We not only use the barriers, but my wife adds 3M surgical over the barriers. I just had an explosion in my sleep last night (that happens after a day or 2 of constipation). Thanks to the barrier and tape (and, I wear a different brand of Depends - I managed to become incontinent in the past couple of years - that's the worst) I didn't soil the cover sheet or blanket. I don't care what any nurse or doctor might say - I will use barriers and surgical tape.

I have a belt and cut a hole in where the ostomy bag is. I use the belt for back support more than anything. Ever since the cancer treatment (chemo pills, radiation, surgery, chemo by needle) my standing stability has been a problem. So, I use a cane just in case. I have fallen at home and cut my left arm from wrist to elbow. But, it wasn't that bad and there are no scars.

You are in the learning/experimental stage. Try different barriers, bags, etc until you find what's comfortable for you and you alone.

BTW, my daughter, husband and 2 young boys live in Copperas Cove - hubby is stationed at Fort Hood.

Can't help with food. Breakfast could be Cheerio's, corn flakes, biscuits and gravy, eggs.. The rest of the day fish, chicken, pork, lots of hot dogs (HaHaHa).

Best of good luck,


Thank you so much for sharing. I never thought about cornflakes.   Friday I went to the hospital due to pain.   I'm supposed to have chemo tomorrow if I'm released.   

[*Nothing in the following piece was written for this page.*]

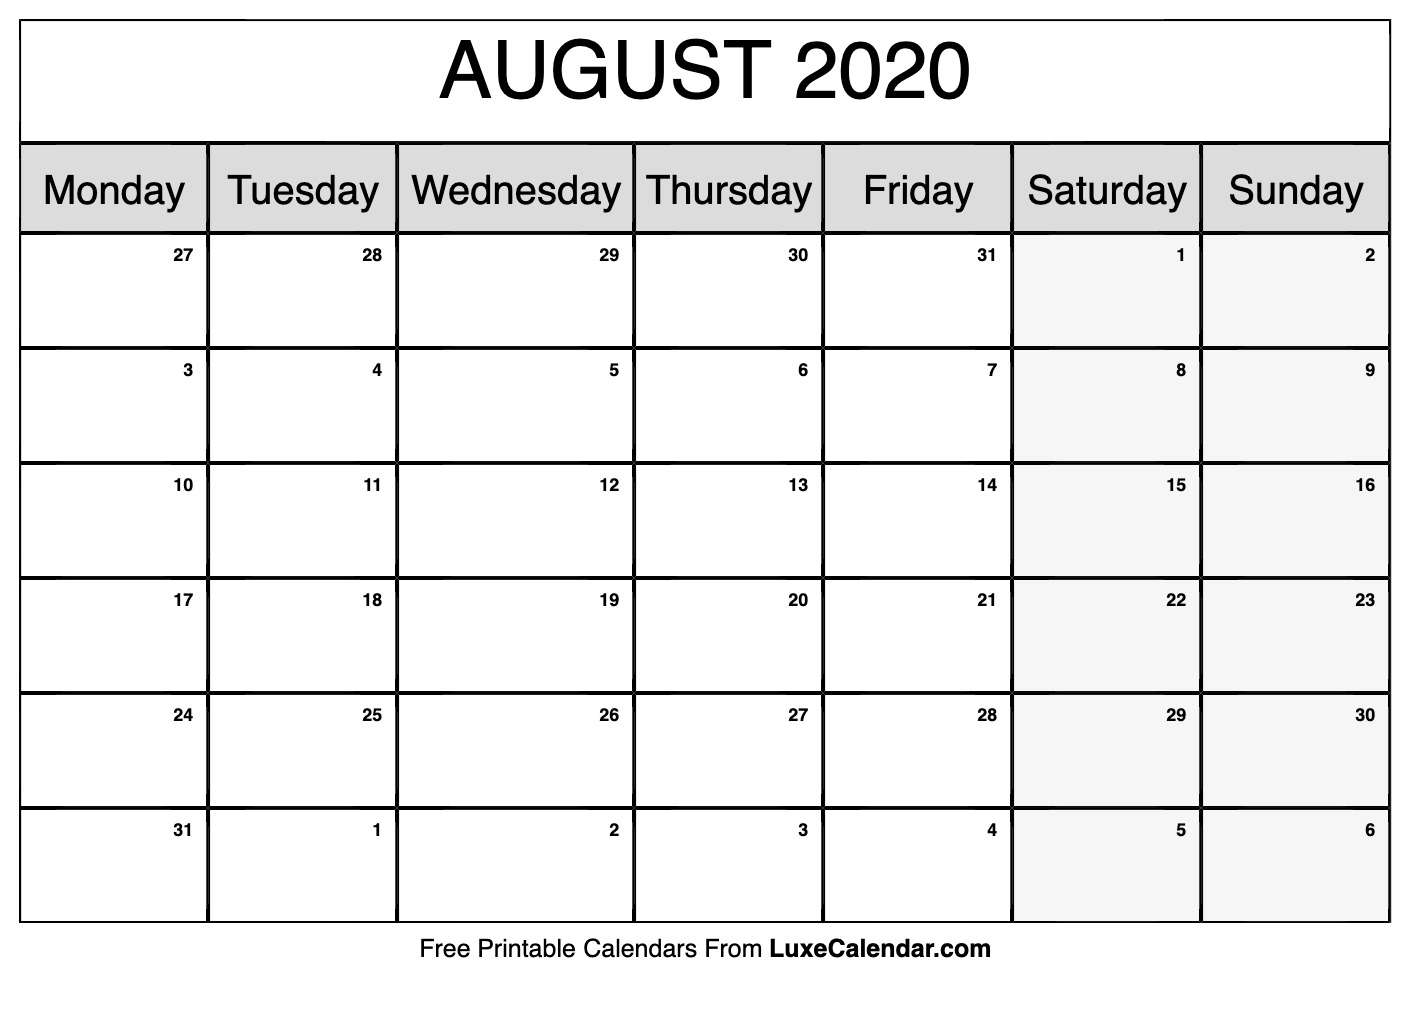 Blank August 2020 Calendar Printable - Luxe Calendar with Kid Freiendly August 2020 Calendars

It does take a lot out of you at times.   That fall you took sounds horrific.   I'm still rebuilding muscle, at home I don't use my walker but I'm careful.   Ive noticed I will plant my feet  a bit wider when walking on weaker days.   

At the moment my ostomy isn't putting anything out.   Really good advice on how you deal with incontinence.   Thank you so much



If you have a flat or concave stoma, you could look into a convex type of pouching system. I think a protruding stoma is best to prevent leakage. Mine protrudes but sometimes has a mind of it's own and retracts. I think it does this mainly if I am dehydrated.

You can and should contact each of the ostomy product suppliers. They will be happy to discuss your personal situation and send you free samples of their products to try. Coloplast and Convatec are two that come to mind.

I like the idea of eating scrambled eggs or fish.  I usually have on hand a protein drink called Premier Protein that has 30G of protein and only 1G of sugar. I buy it at big box stores including Walmart. There is also a FODMAP diet that you might want to look into. But, again this is a try and see what agrees with you.

I highly recommend a belt or a wrap. A wrap goes around your body and there is usually a pocket that the pouch fits into. You can even find underwear like this through Ostomy Secrets. Plus the different vendors will also send you sample belts to try with their products.

I hope this helps. Best of luck to you.